Move some encryption operations to server side?


We are experiencing performance issue using the GUI to add a user to a group that has large amount of shared logins (>10k logins and >100 users).

If I understood it correctly, at least from the API point of view (I assume same as GUI) that when I add a user to the group, the client has to run the encryption of all passwords with all users in the group before sending the data to the server. The encryption is CPU intensive and having single thread/process(JS) is a bottleneck? Are web workers are being used for concurrency on browser?

If the server has all the public keys of all users, can this kind of public key encryption operations be moved to the server side to use concurrent processing to speed things up? Plus we can beef up the server spec to help on performance issue.


I realised that doing it on server side would result in temporarily exposing the secret to the server which could be against the Passbolt design.

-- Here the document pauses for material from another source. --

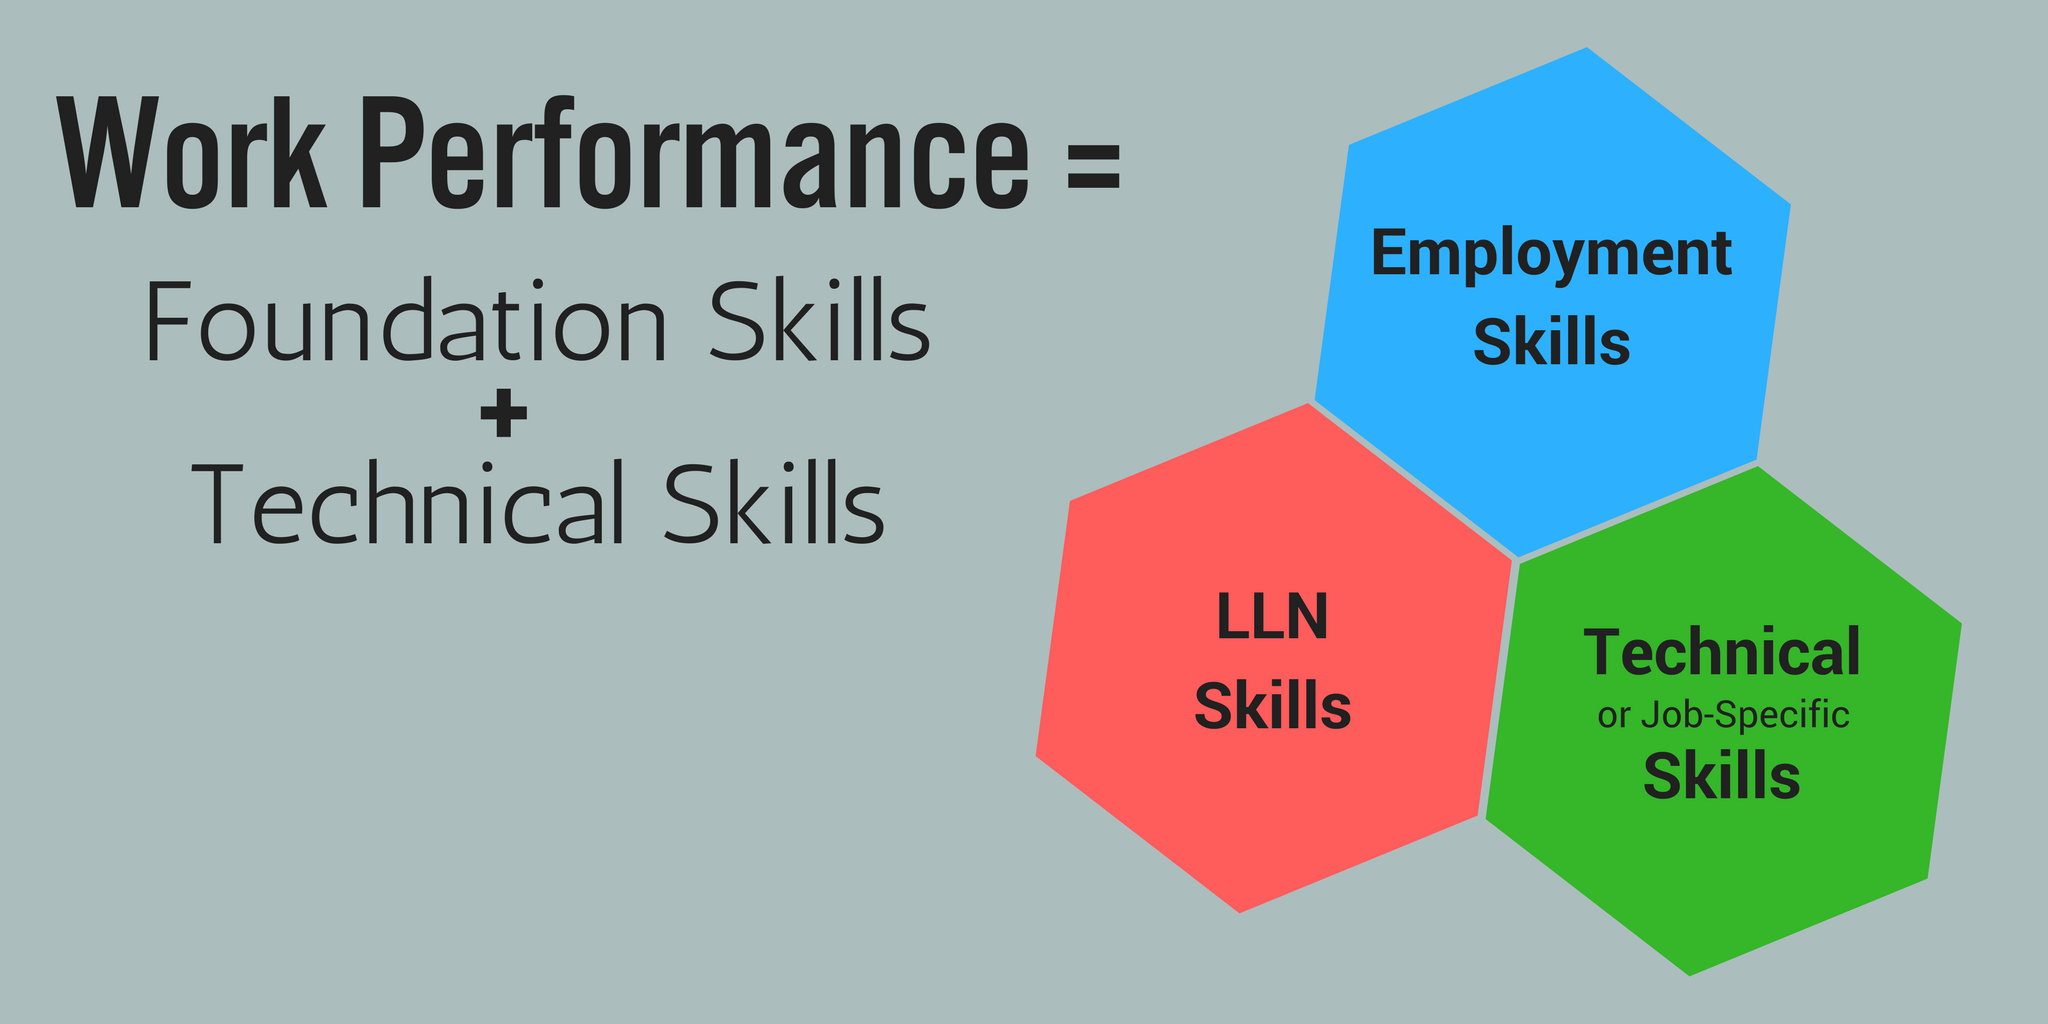 Work Performance = Foundation Skills + Technical Skills

Even the sensitive info is temporarily exposed, it’s no worse than most of the websites that save user passwords in hashes (hash+salt). The passwords are still temporarily exposed to the servers. I guess as long as it makes sure no where else keeps it then it’s not too bad?

The advantage of processing a huge request on server side is that it can block other incoming requests potentially change the state.

Hi James,

exactly that’s the point.
If that doesn’t fit your needs maybe passbolt ist the wrong product for u to manage such a huge amount of passwords to such a huge amount of users.

Changing a single password should not be the problem. To move a folder with hundreds of passwords and permission to tens of users could be a pain.

Using a more fine granulated rights management is not an issue for You?

For our point of view it’s the BIG BIG BIG feature of passbolt to have a shared (and secured) web database as well as local encryption.